» **EXERCISE AIM**
After finding the line that holds "40456U21 - Gjalp Backpack 18L - Tea Green" below, set down that line and the rest through the final one exactly, leaving the pictures out.

» **DATASET EXTRACT**

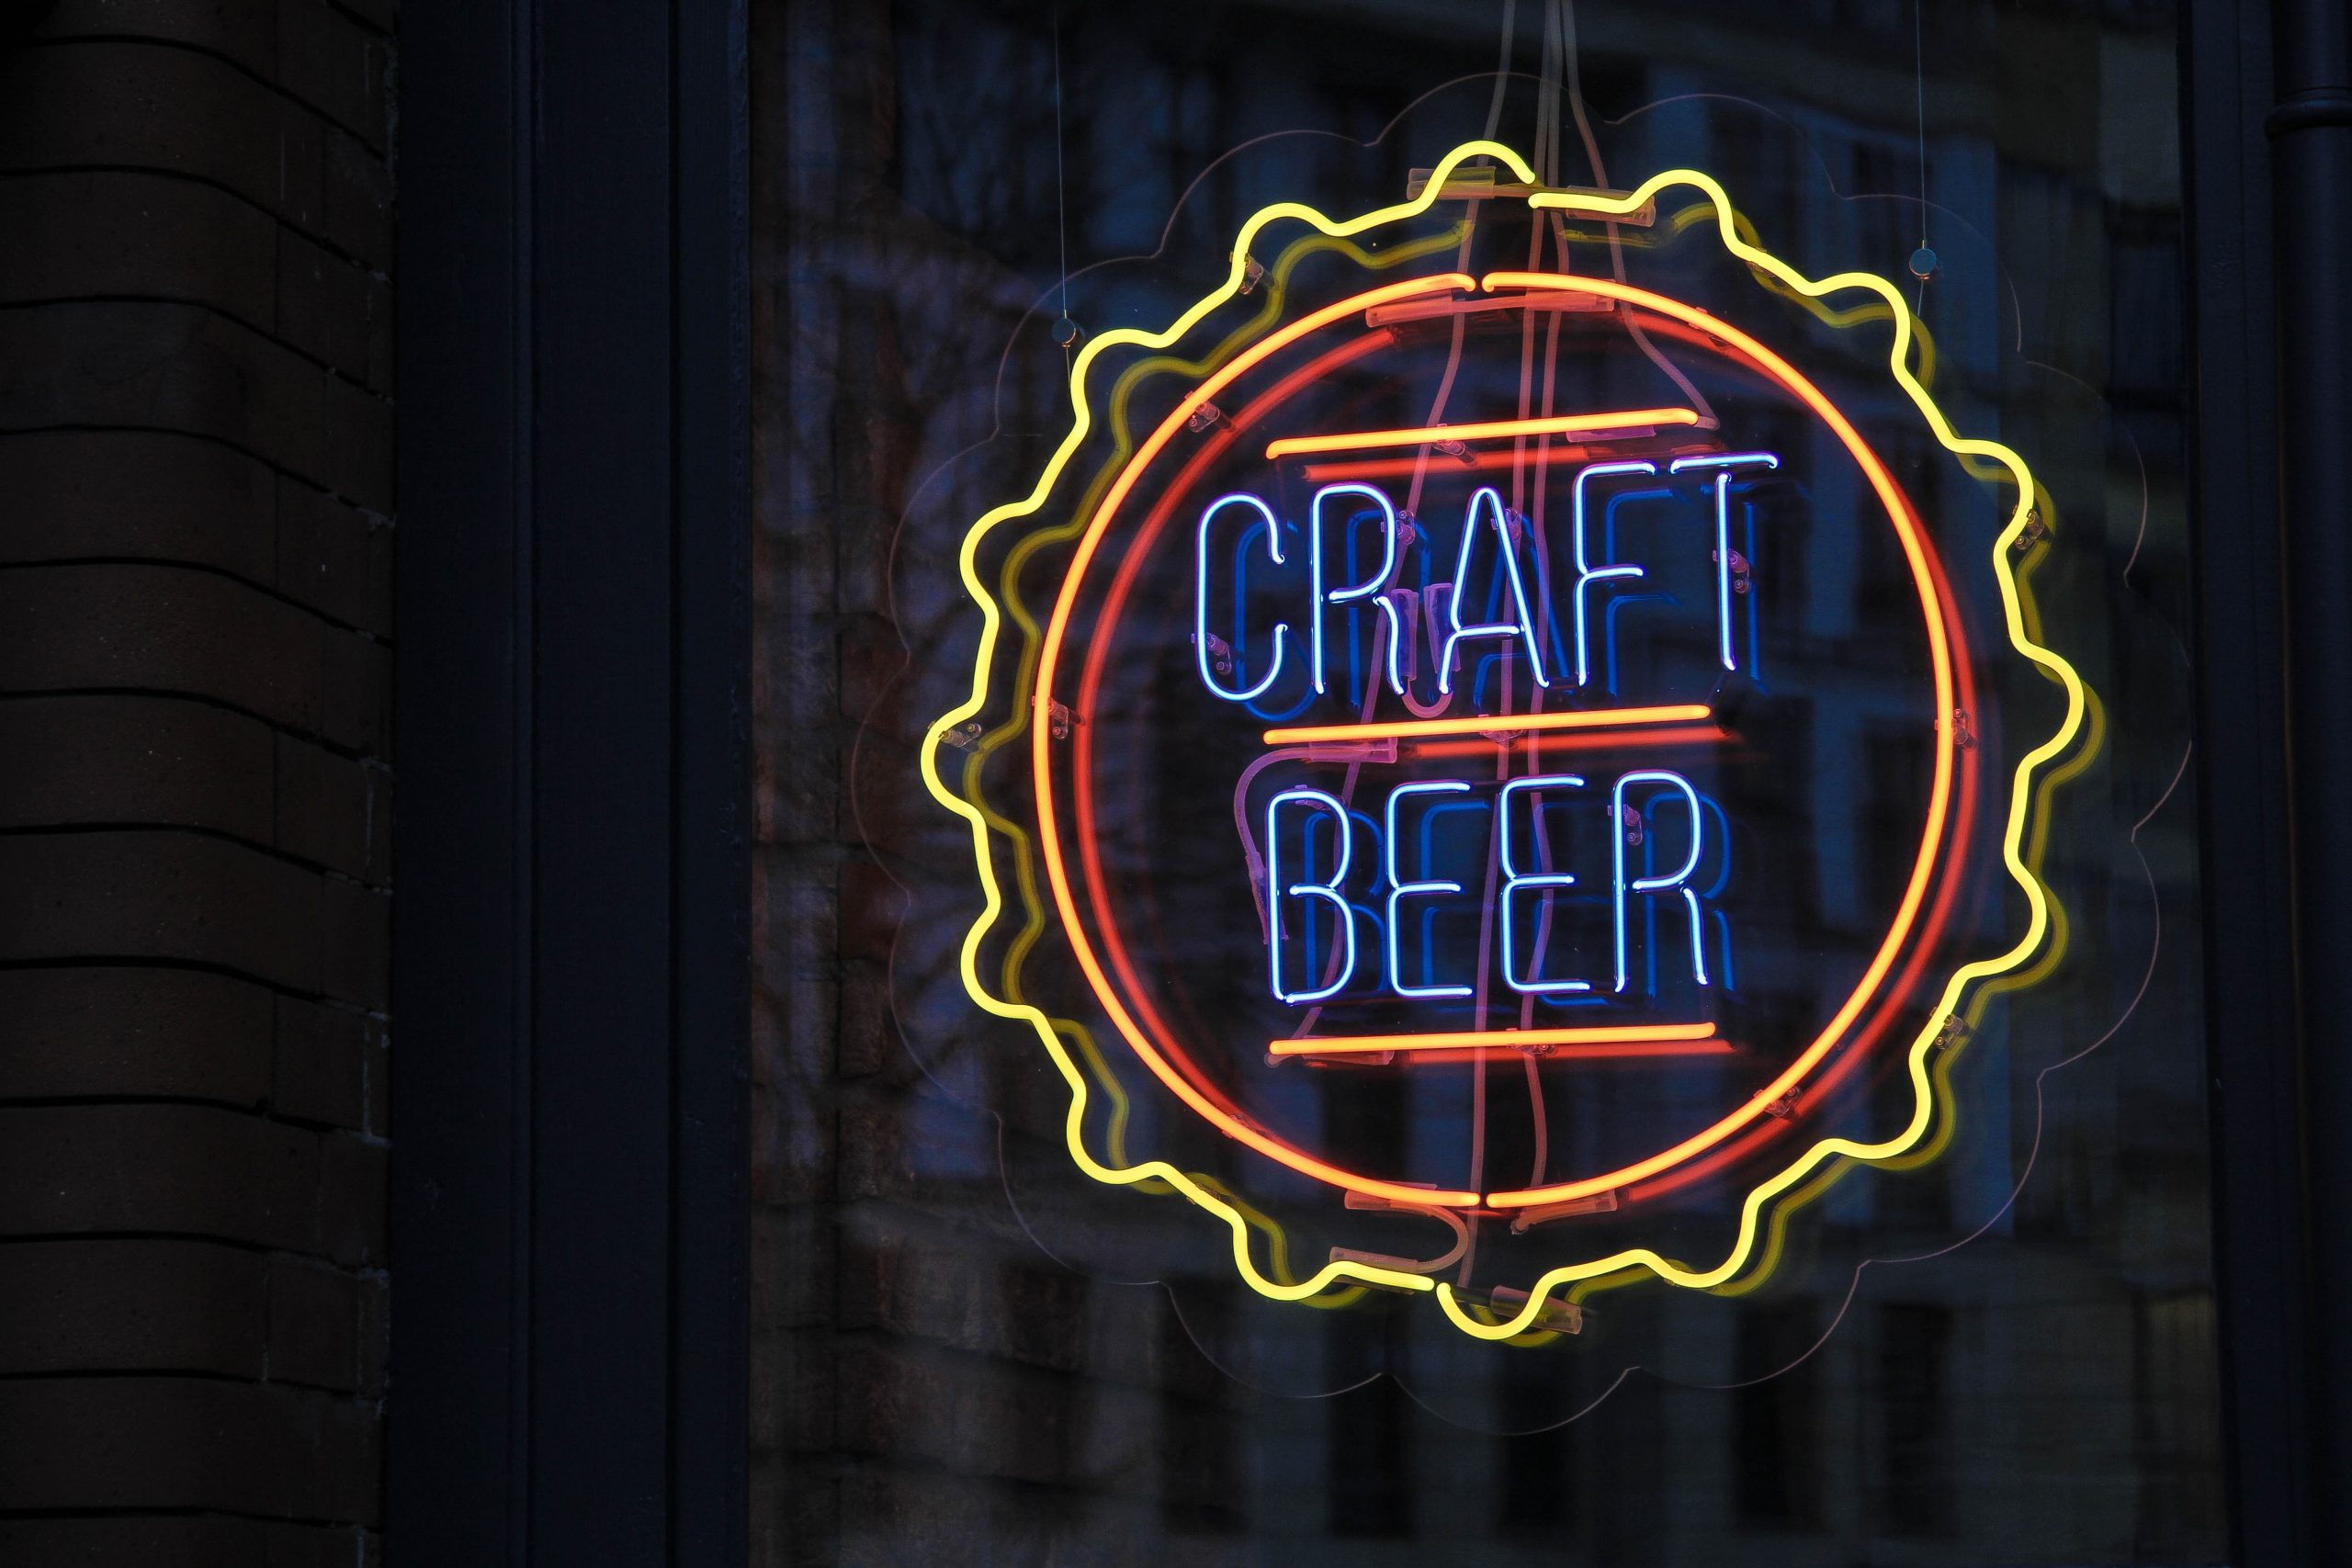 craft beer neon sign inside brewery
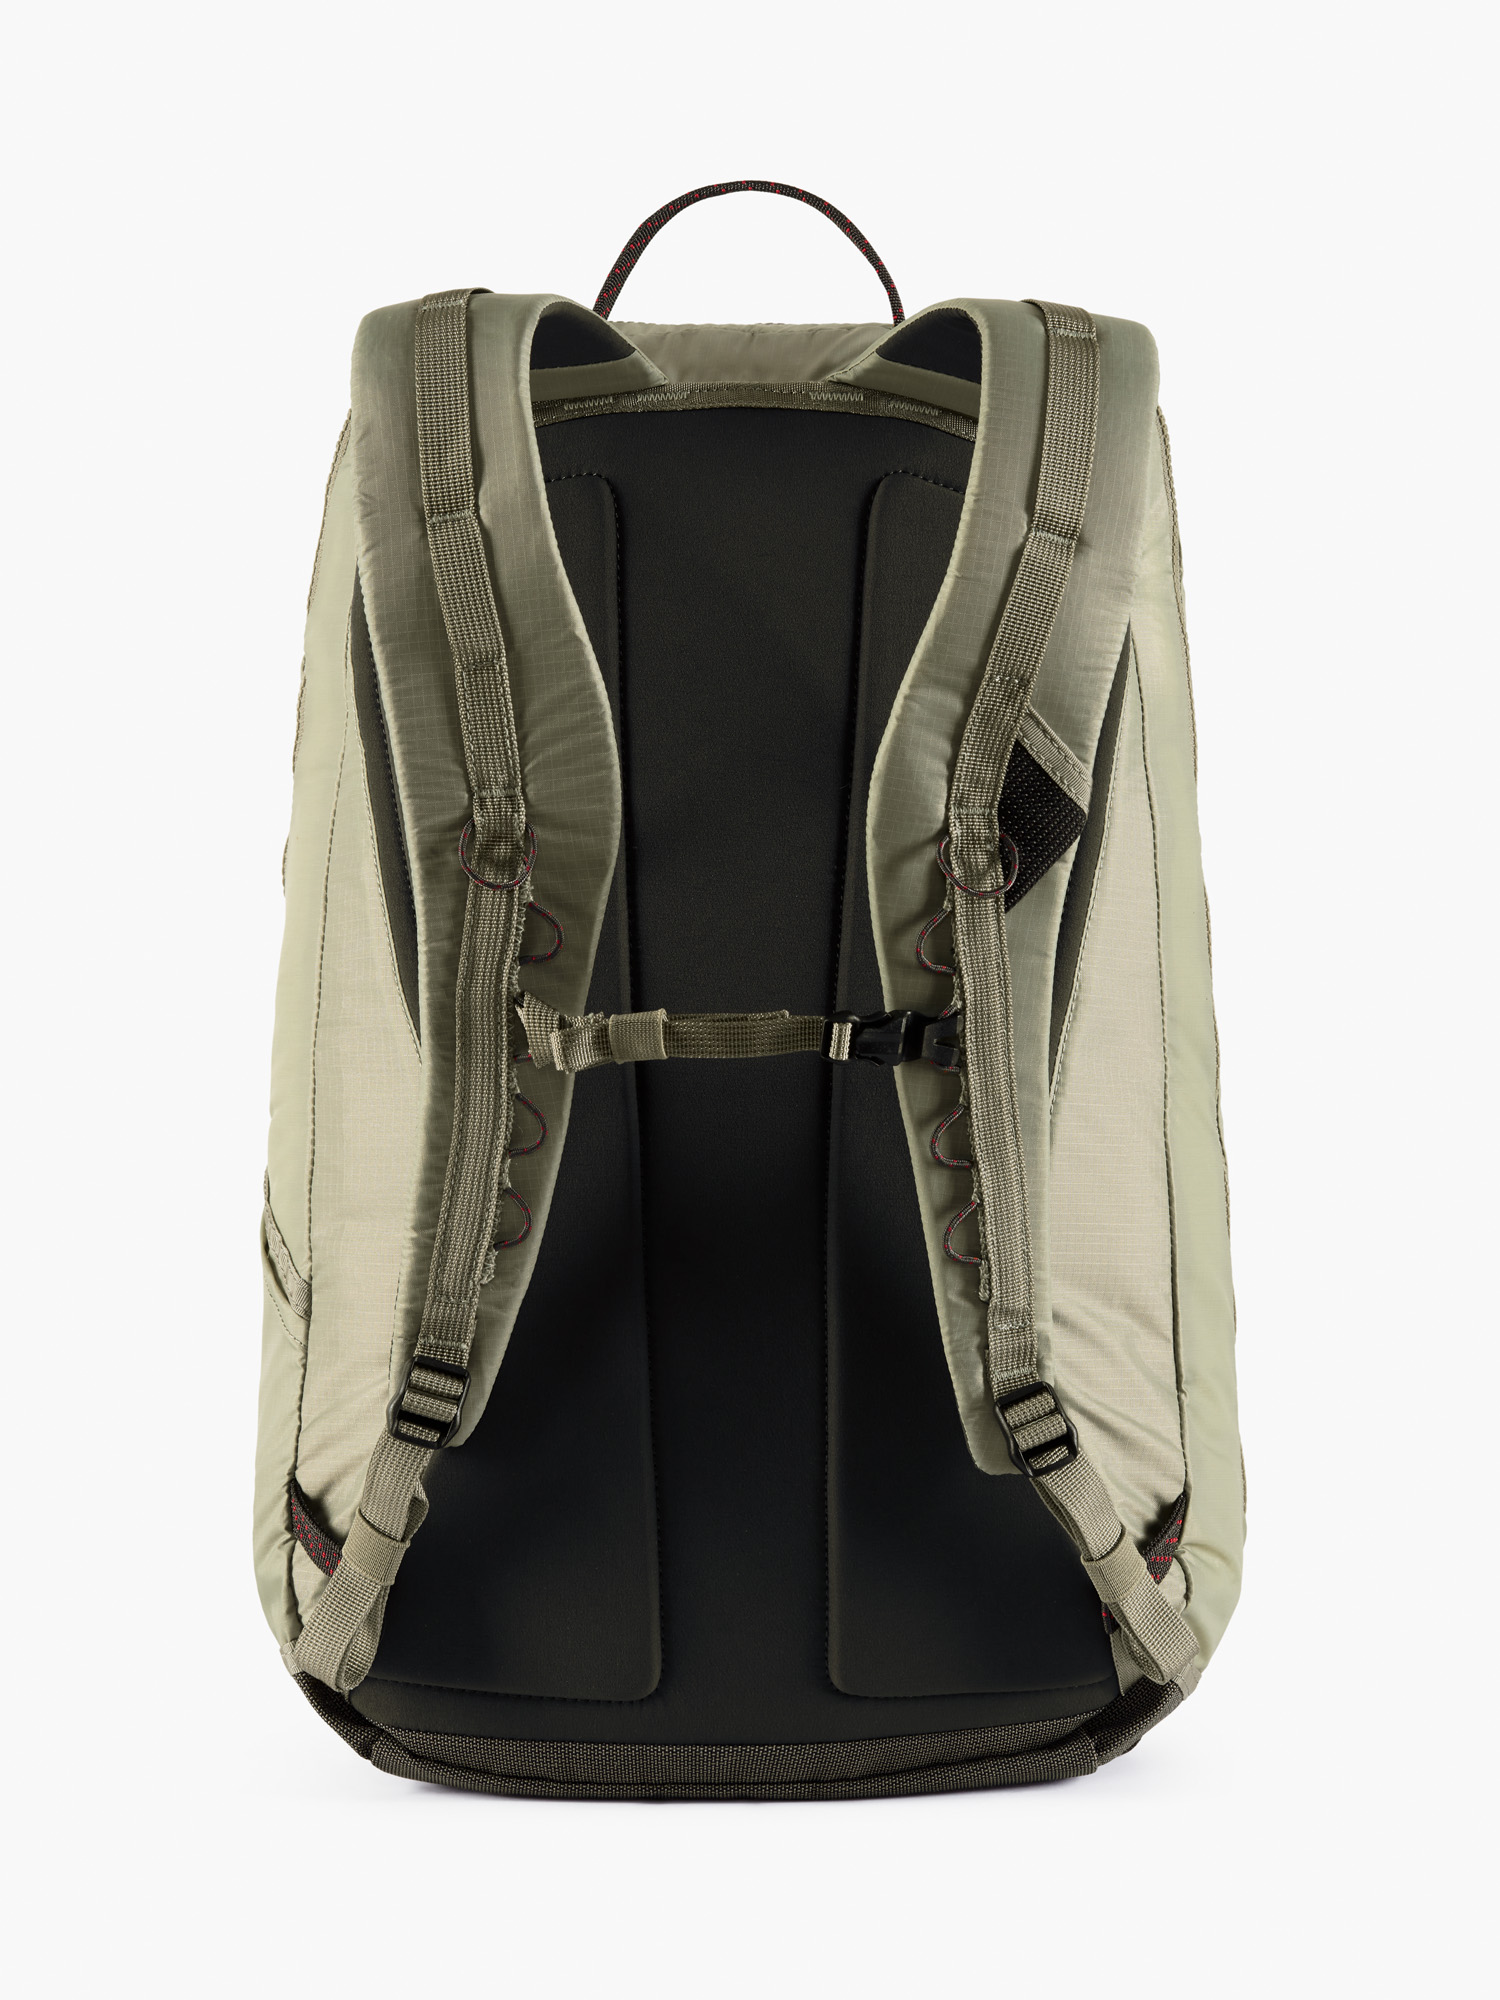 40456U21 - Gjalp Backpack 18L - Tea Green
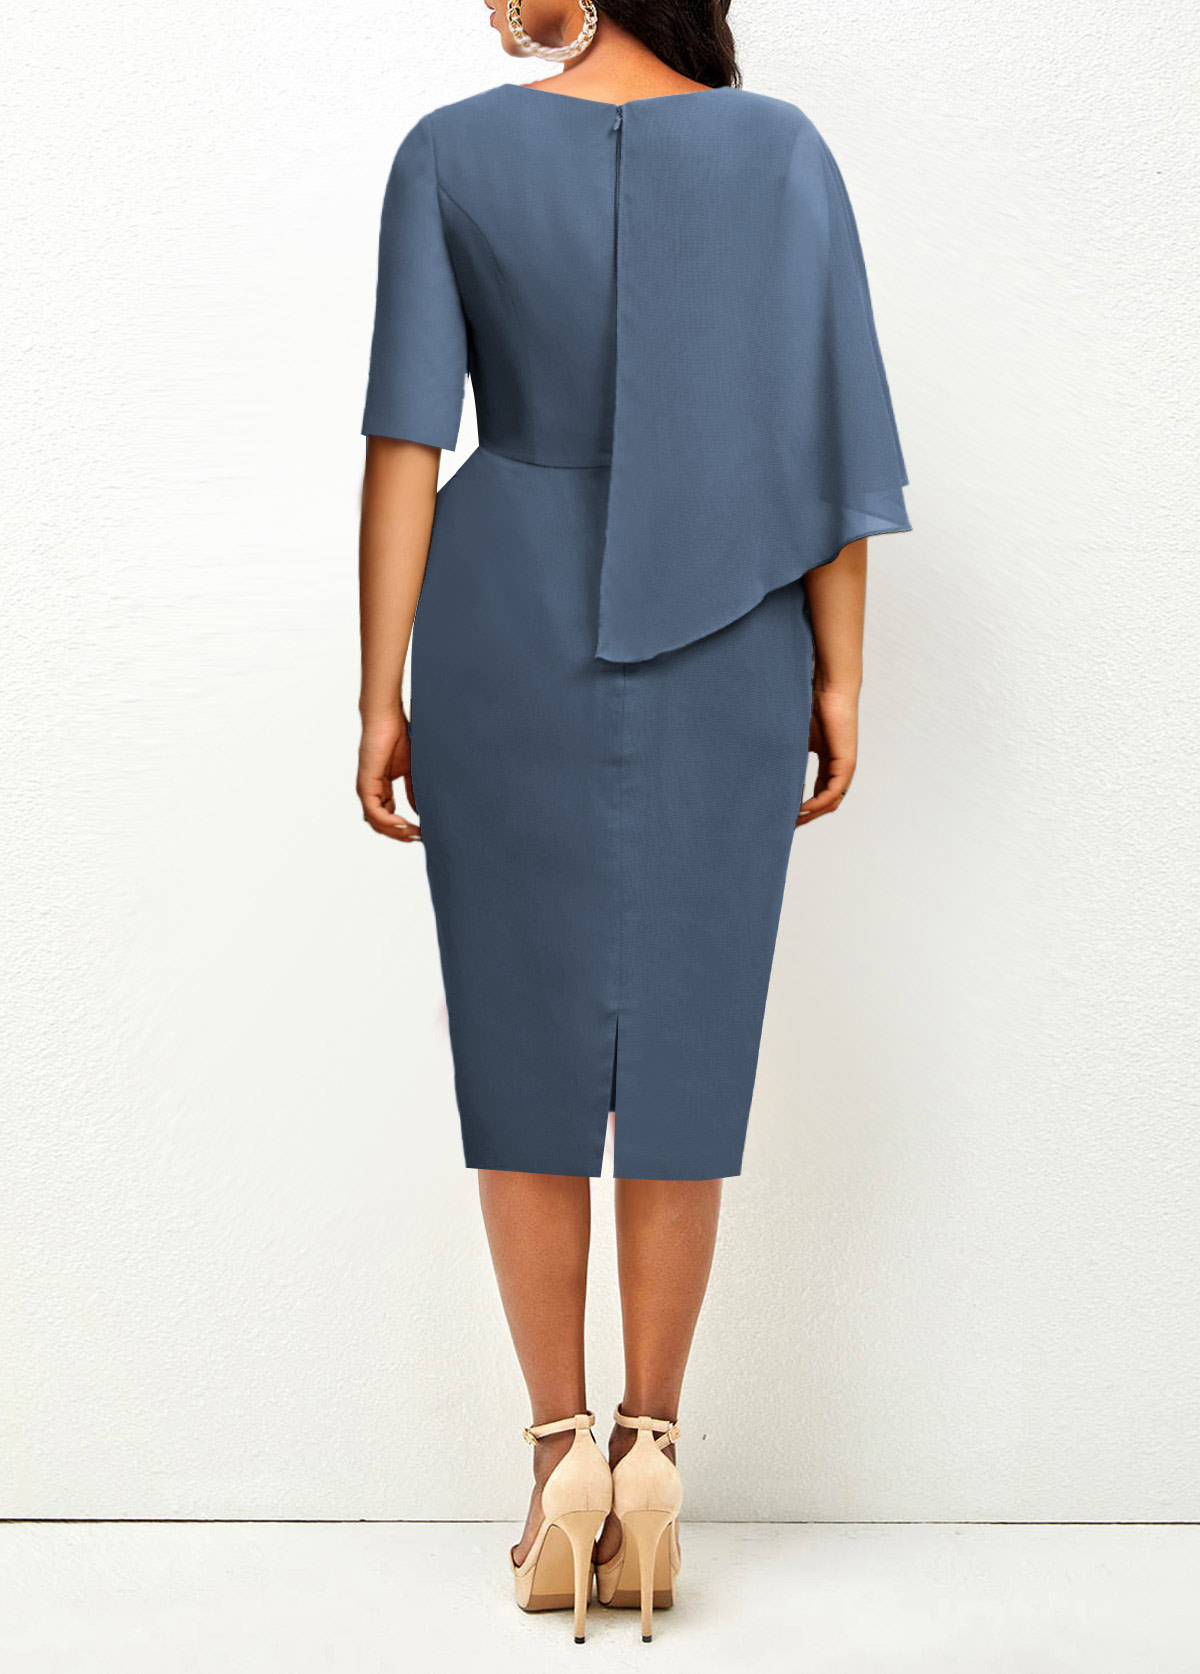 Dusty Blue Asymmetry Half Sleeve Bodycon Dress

» **ANSWER TO THIS EXERCISE**
 40456U21 - Gjalp Backpack 18L - Tea Green
 Dusty Blue Asymmetry Half Sleeve Bodycon Dress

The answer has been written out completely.